To get the layout of the page, we can use "extractText", extractor.extractText(startPageIndex: 0, layoutText: true);

Please refer the below documentation link, https://www.syncfusion.com/kb/11967/how-to-extract-text-from-a-pdf-file-in-syncfusion-flutter-pdf-library

Please let us know if you need any further assistance in this.

Regards, Gowthamraj K

ekuleshov commented 1 year ago

To get all the values in the lines separately, we can use below code snippet on your end and let us know if it is satisfies your requirement or not.

I tried your example and all text from these lines is returned as a single word, which is not what I can use for processing:

33,754355150010114,65
42,615280160000030,59
91,715485190010049,55
101,59313552100021,97
112,4938100200000040,10
122,616075150000028,67
132,513475150000029,84
144,1152408000009,72
153,116580160000025,67

It seems like the problem is that the PdfTextExtractor is gluing together all text on the same line that is rendered with the same font (or something like that). It needs to somehow take into account location of the text and maybe insert some separator between each group.

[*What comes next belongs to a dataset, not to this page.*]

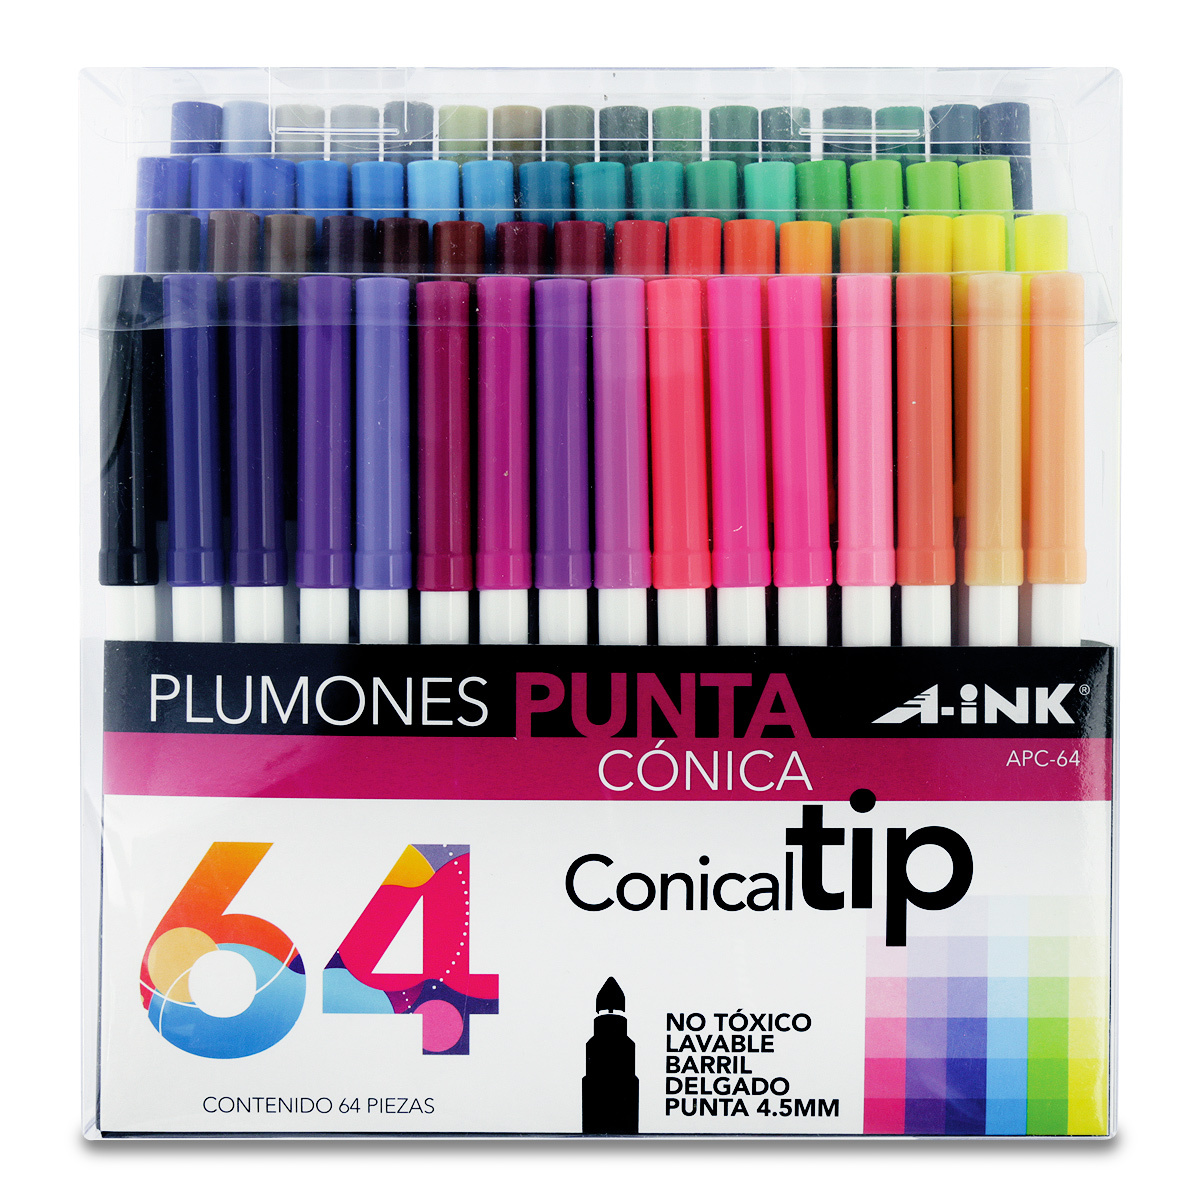 Plumones A-ink Conical Tip APC-64 Punta cónica Colores surtidos 64 piezas | Office Depot Mexico

senvB commented 1 year ago

I am facing the same issue when reading data from a table. The table row is concatenated into one TextWord. This makes it impossible to differentiate single words from the document and get their position. Using extractText and layout set to true adds at least some space. But when using extractTextLines this option is not available. Any chance to look into this issue?

irfanajaffer commented 1 year ago

We suspect that the issue may be due to specific PDF document.

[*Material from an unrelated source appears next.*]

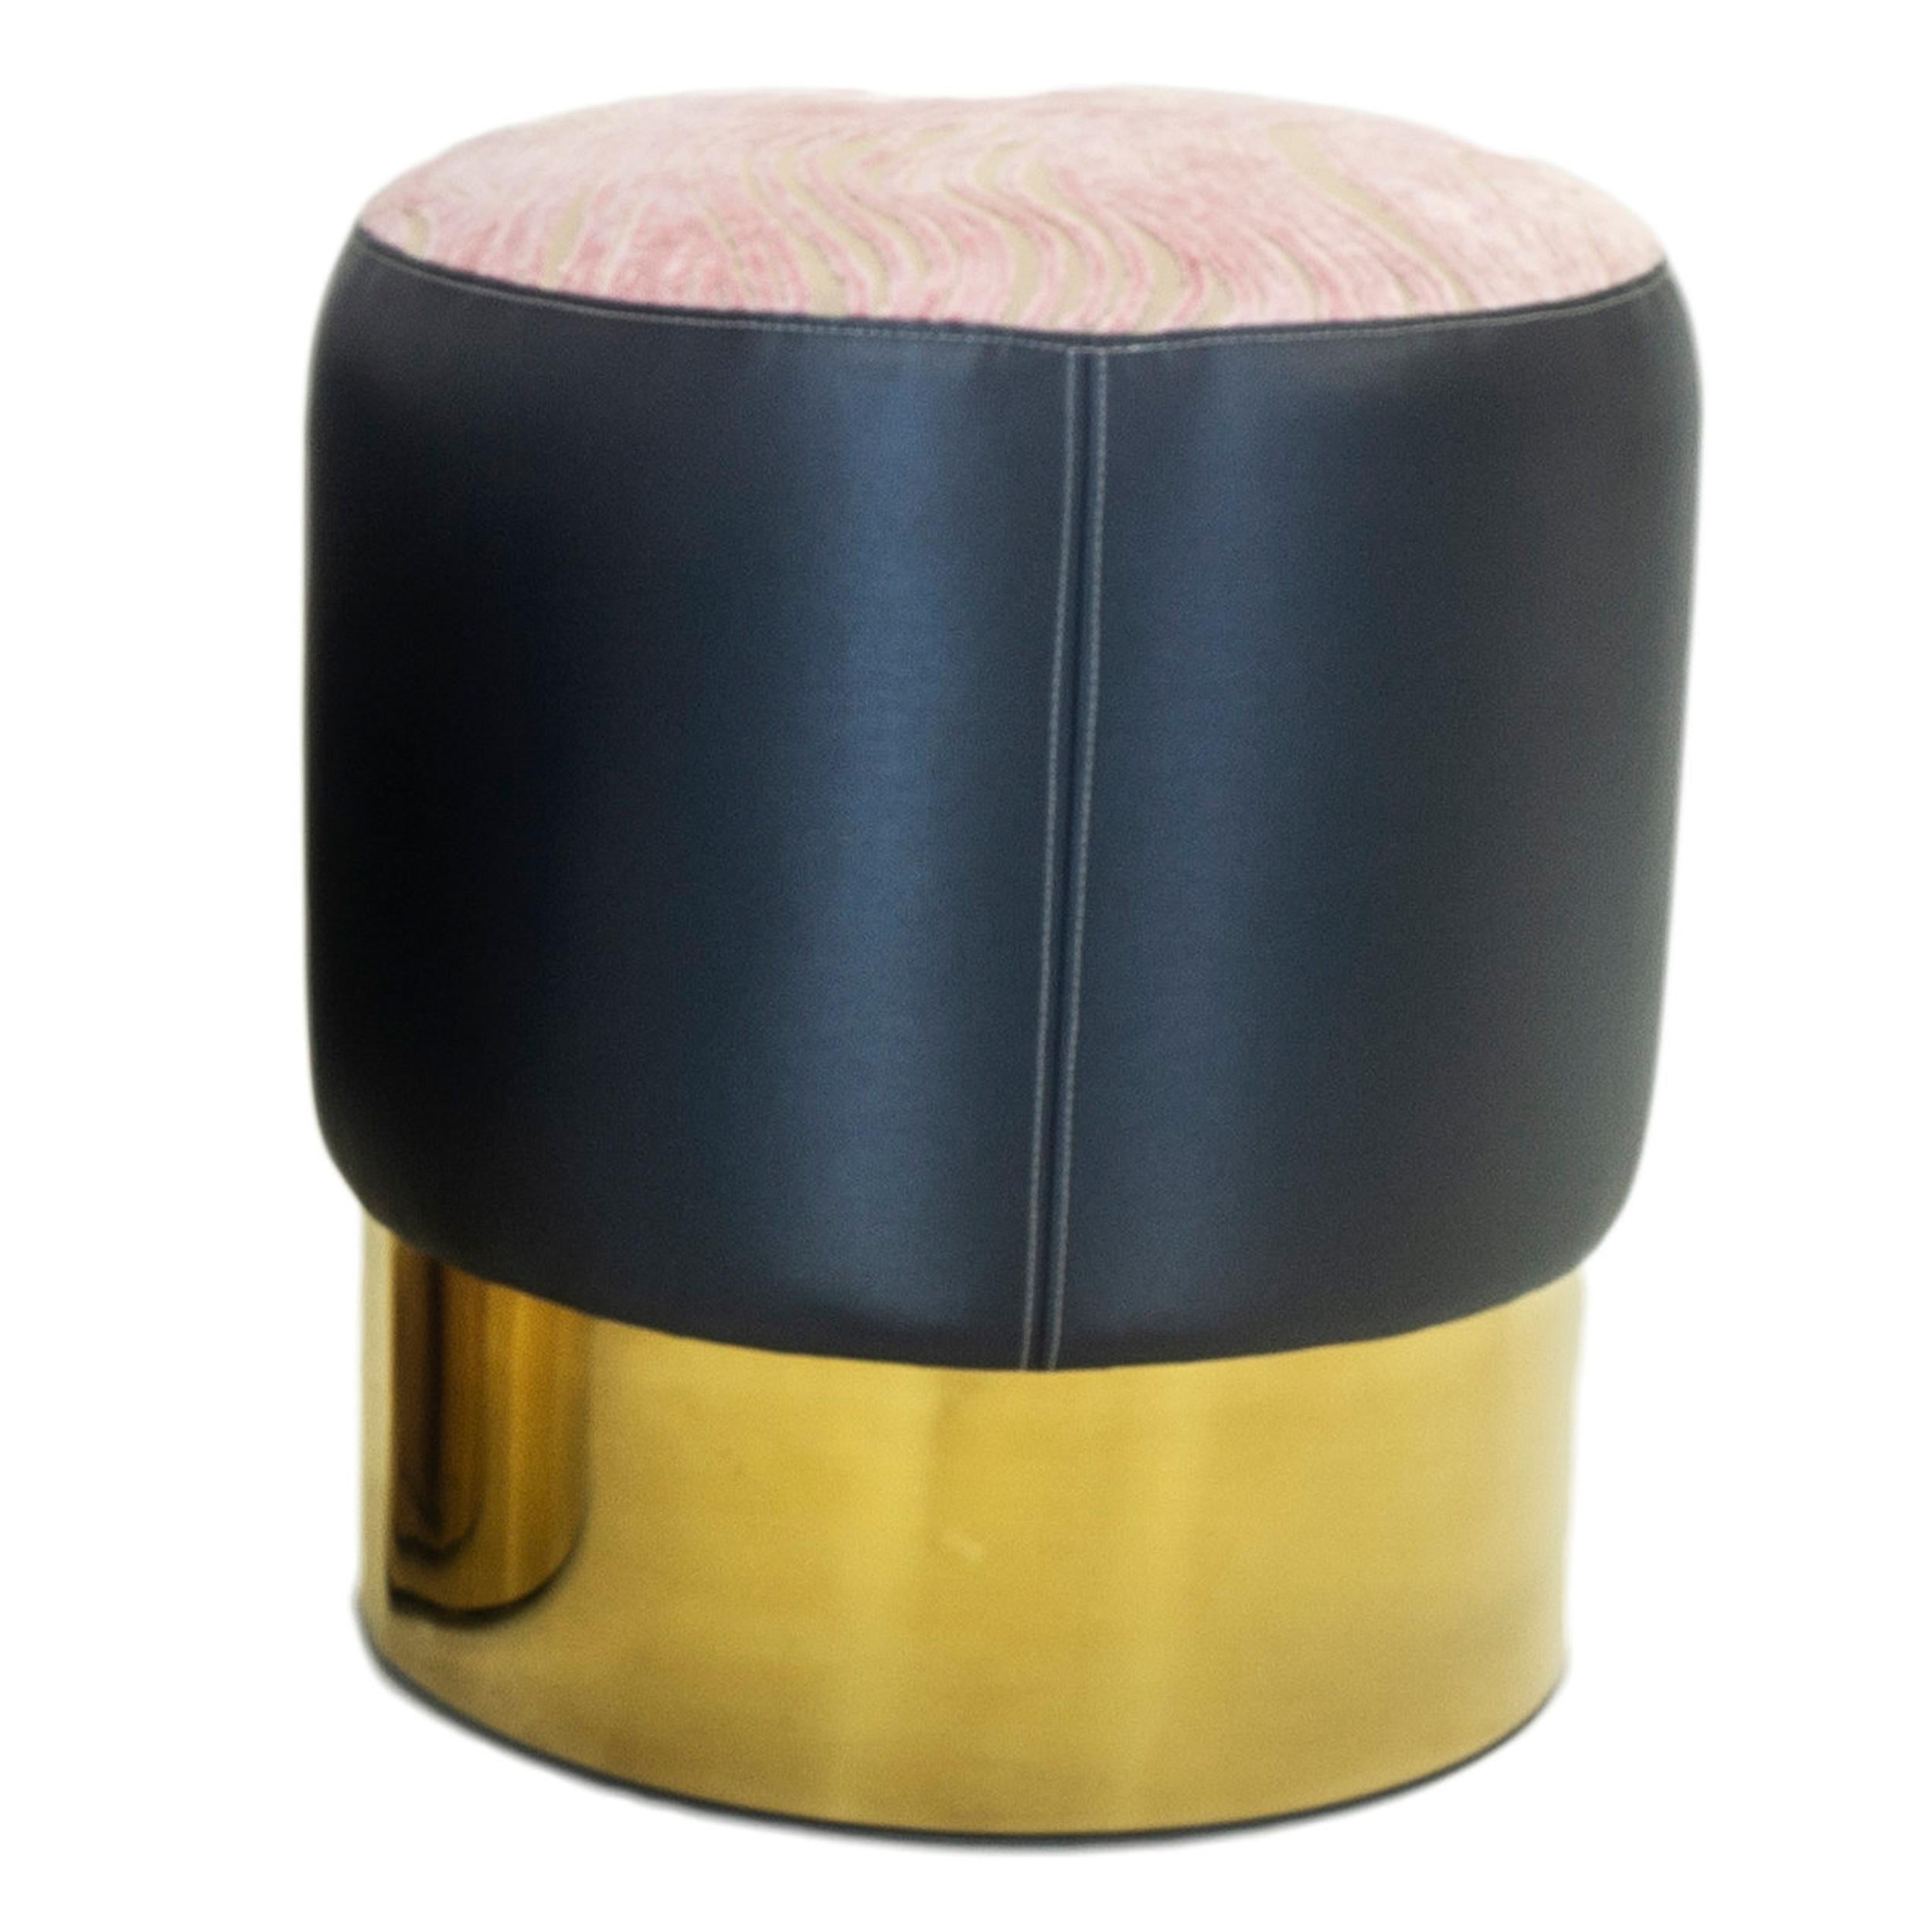 Notre petit ottoman rond est l'accent de finition parfait qui peut être utilisé comme siège supplémentaire. Doté d'une base ronde aux finitions dorées, il est tapissé d'un vinyle bleu marine et d'un velours coupé rose à motif tourbillonnant sur le

Kindly provide us with the issue PDF for analyzing further in this.

senvB commented 1 year ago

Thanks for picking this up. You can find a PDF which is resulting in a single word per textile using this URL: https://www.dsab-vfs.de/VFSProject/WebObjects/VFSProject.woa/wa/rangListen?liga=5703&typ=partienplanPDF&saison=3304

ekuleshov commented 1 year ago

@irfanajaffer @GowthamrajKumar25 Any update on this?

For this file 20220828.pdf When I use the PdfTextExtractor(document).extractText(..) with parameter layoutText set to false, it returns every column from PDF on a new row:

But with the layoutText parameter set to true the result look like this, i.e. all column data are crumbled together and extracted text doesn't give any way to separate columns:

114221,226,6918160,0000100,00   
214622,196,5795157,315998,32    
...

Either way it is hard to work with this data.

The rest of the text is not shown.